The heart of Kamurocho, the fictional red light district based so closely on Tokyo's Kabukicho, lies in ruins.
Ravaged by legions of shambling undead and crushed by the army's failed clean-up attempt, it's been quarantined behind huge steel fences that keep the zombies in and the rest of the world out.
Of The End is the latest bizarre entry in Sega's epic crime drama that's brought Japan's underworld to life in seedy shades of sex, violence and humour. But this time, it's also a zombie game - one where gang members must save Japan from an undead onslaught.
The destruction of Kamurocho, the sandbox city so vividly realised in Yakuza 4, feels more poignant than it might in another zombie title. Not only have we explored its every hostess bar, convenience store and casino in previous games, but after the real devastation of Japan it's sobering. And when March 11's tsunami washed away whole towns, guess who was first on the ground to help survivors? The government? The army? In many cases, it's reported, it was the Yakuza.
It's impossible not to think about this as you control Shun Akiyama, the first of four playable characters, as the zombie holocaust unfolds around you, communications go down and the death toll begins to rise.
Of The End is a major departure for this uniquely physical crime series. OK, it retains many of the things that made the previous games so great - a rich story told with humour, a detailed portrayal of one of Tokyo's sleaziest nightspots complete with real-world shops and products, gorgeously animated and acted cutscenes and even, surprisingly, the cast of recent games.
That's rumpled-cool loanshark Shun Akiyama, ex-gangster and series main man Kazuma Kiryu, the eye-patched Majima family-head Goro, and the gun-armed Ryuji Goda. But Yakuza is, for the first time, not about martial arts. Of The End is an action shooter.

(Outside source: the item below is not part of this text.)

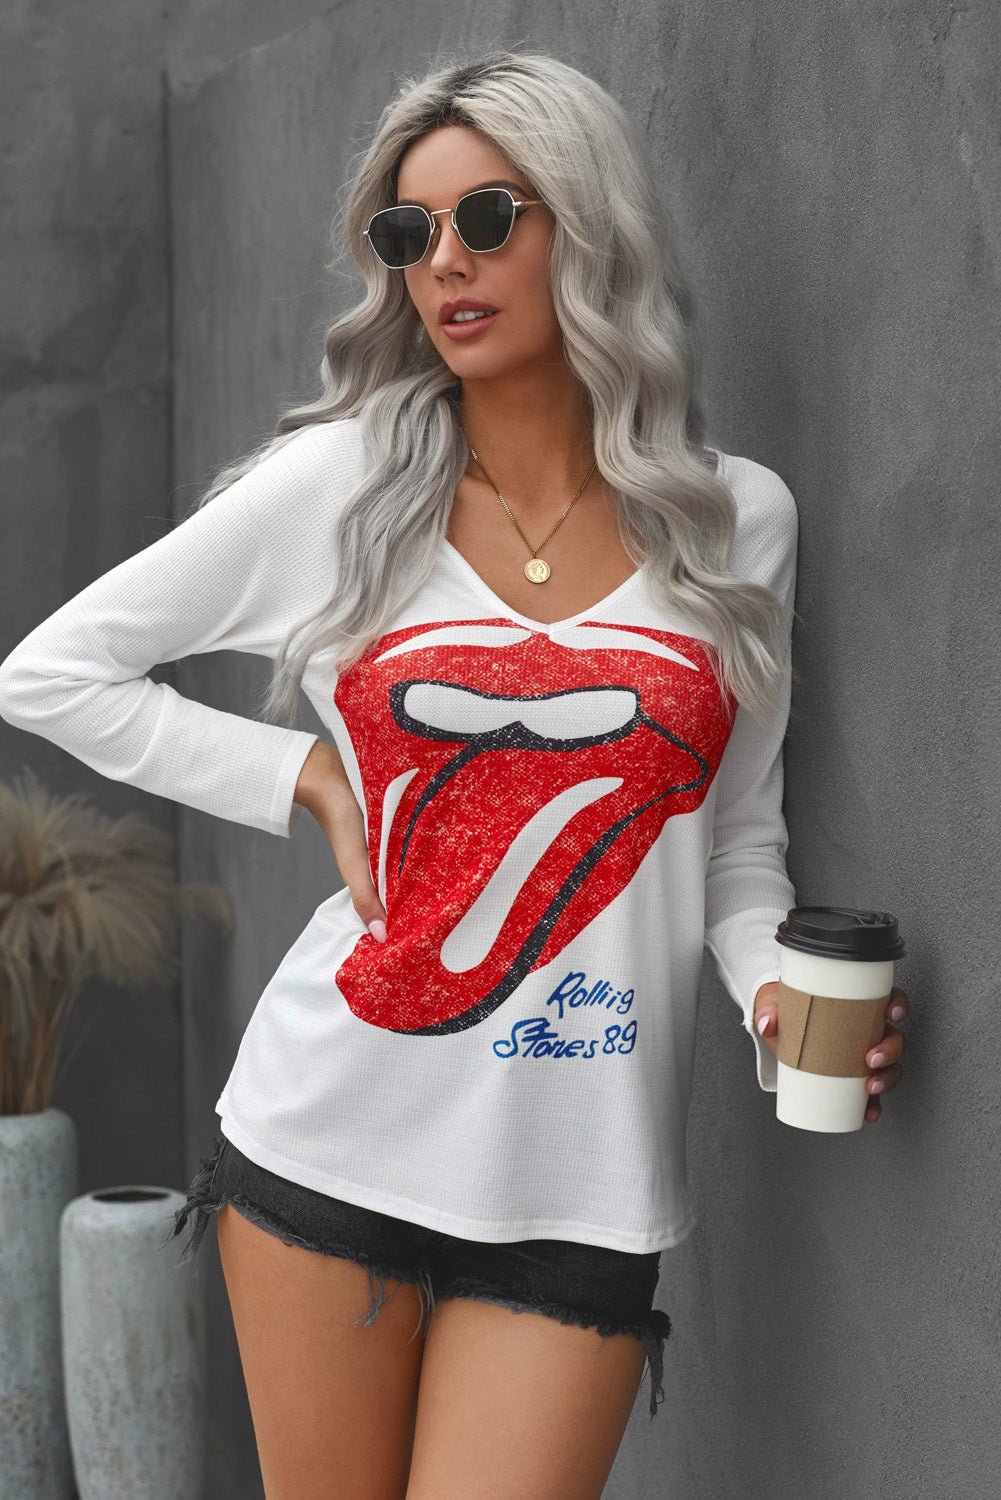 Lips Graphic T-Shirt - V-neck - Womens Long Sleeve - Casual Style -#Firefly Lane Boutique1

The tech is recycled from Yakuza 4, but tweaked to accommodate gunplay. You aim your shots with R2, or simply run and gun by bashing square and letting the auto-aim do its thing. It's more Dead Rising than Resident Evil, arcade action where scores of zombies stream from doorways, drains, bridges - everywhere.

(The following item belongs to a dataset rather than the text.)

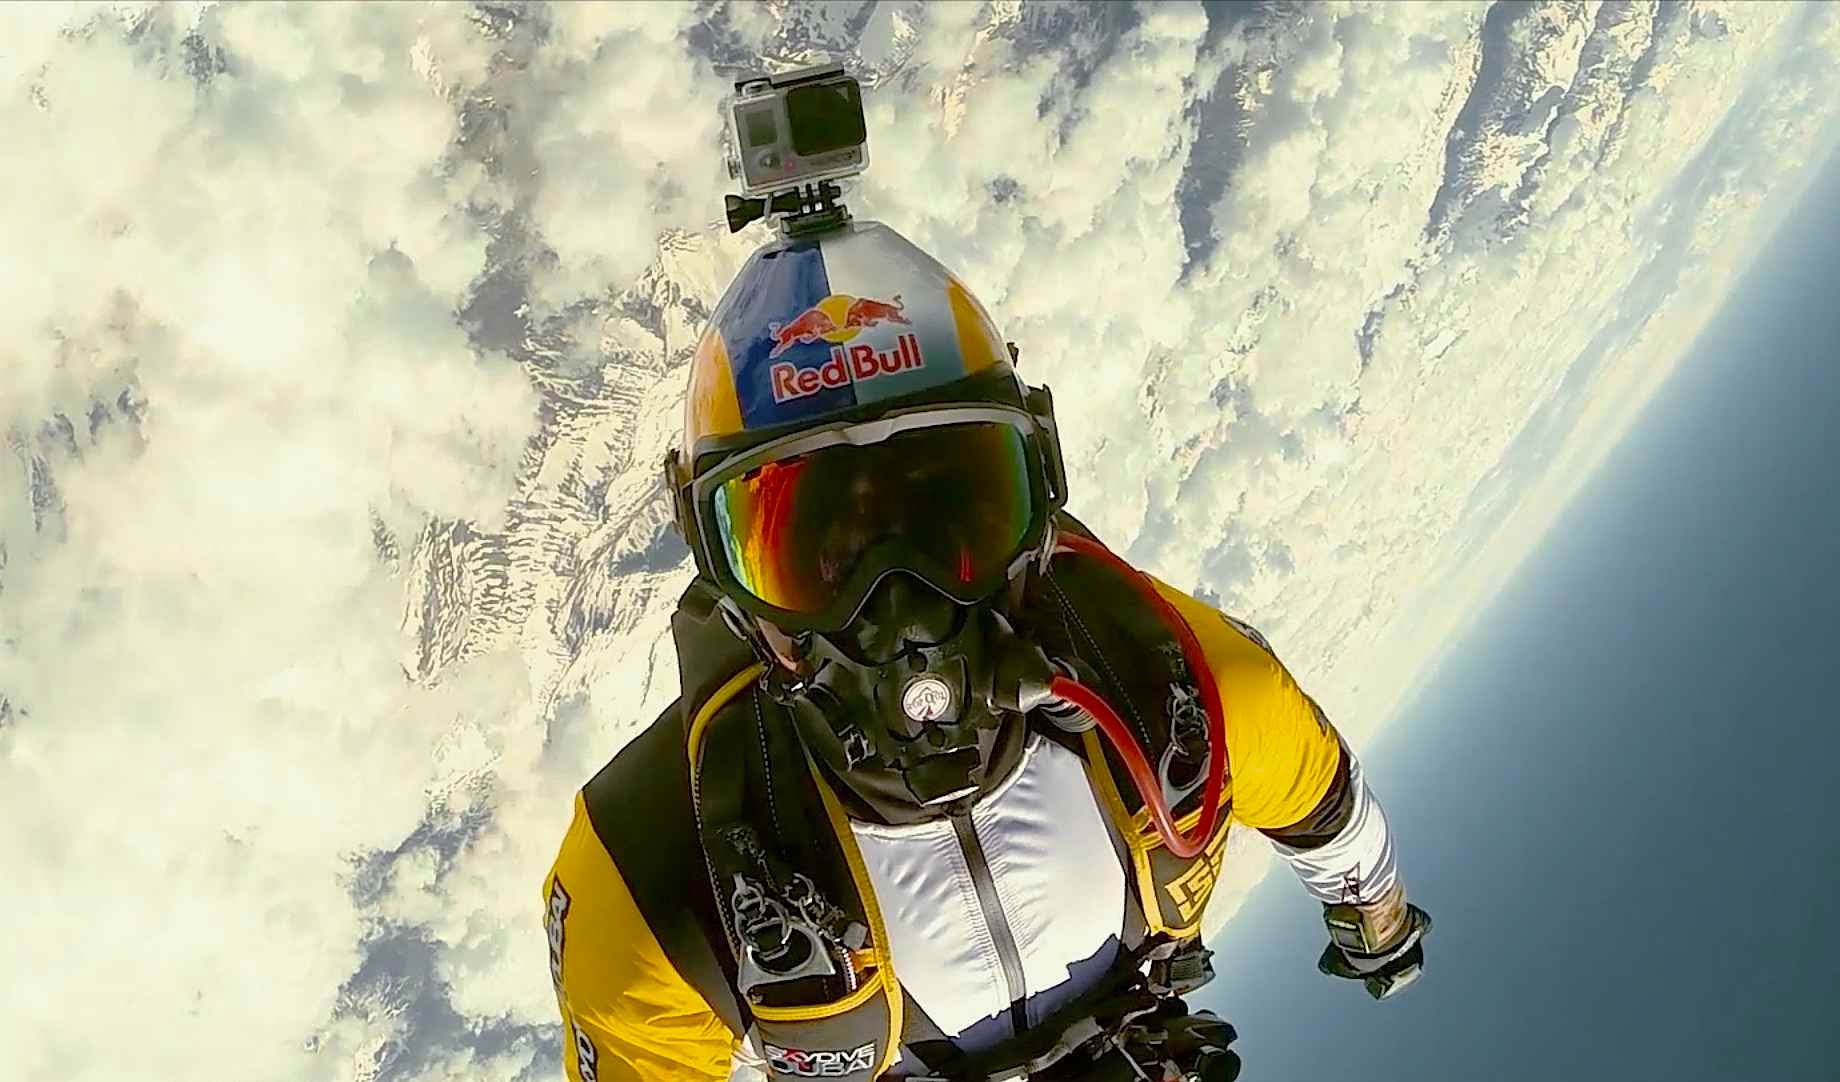 Breathtaking high altitude acrobatic skydiving – Red Bull Skycombo

Mow them down and chain up combos; the higher your score, the more Soul Points you accrue. These are then used to level up fighting moves, fire-power, armour, inventory capacity and so on.
For a shooting game, there's not much variety in the armoury. Each character has his own preferred weapon: Akiyama favours dual pistols, Majima packs a super-powered shotgun, Kiryu plumps for an assault rifle and Goda, well... his whole arm transforms into a Gatling gun.
Obviously. But where does he load all the bullets? You can pick up a few new firearms and upgrade, but if you're hoping to amass an arsenal, this isn't the game for you.
Happily, as before you can also grab nearby objects as weaponry, and find yourself bending a bicycle, fuel drum or potted plant over the skulls of wrongdoers. Here it's brilliant for crowd control, for clearing a space around you before you open fire, and it lends the game a unique hybrid dynamic. Flamethrowers, chainsaws and fire extinguishers are less common but more deadly.
You also have a Heat Gauge, which creeps up a little with every undeadoffed. Fill it and certain objects - the gas tank of an oil truck, steam pipes, high-pressure canisters - can then be targeted with a stab of triangle and blown up with a Heat Snipe QTE, decimating crowds of zombies at a time.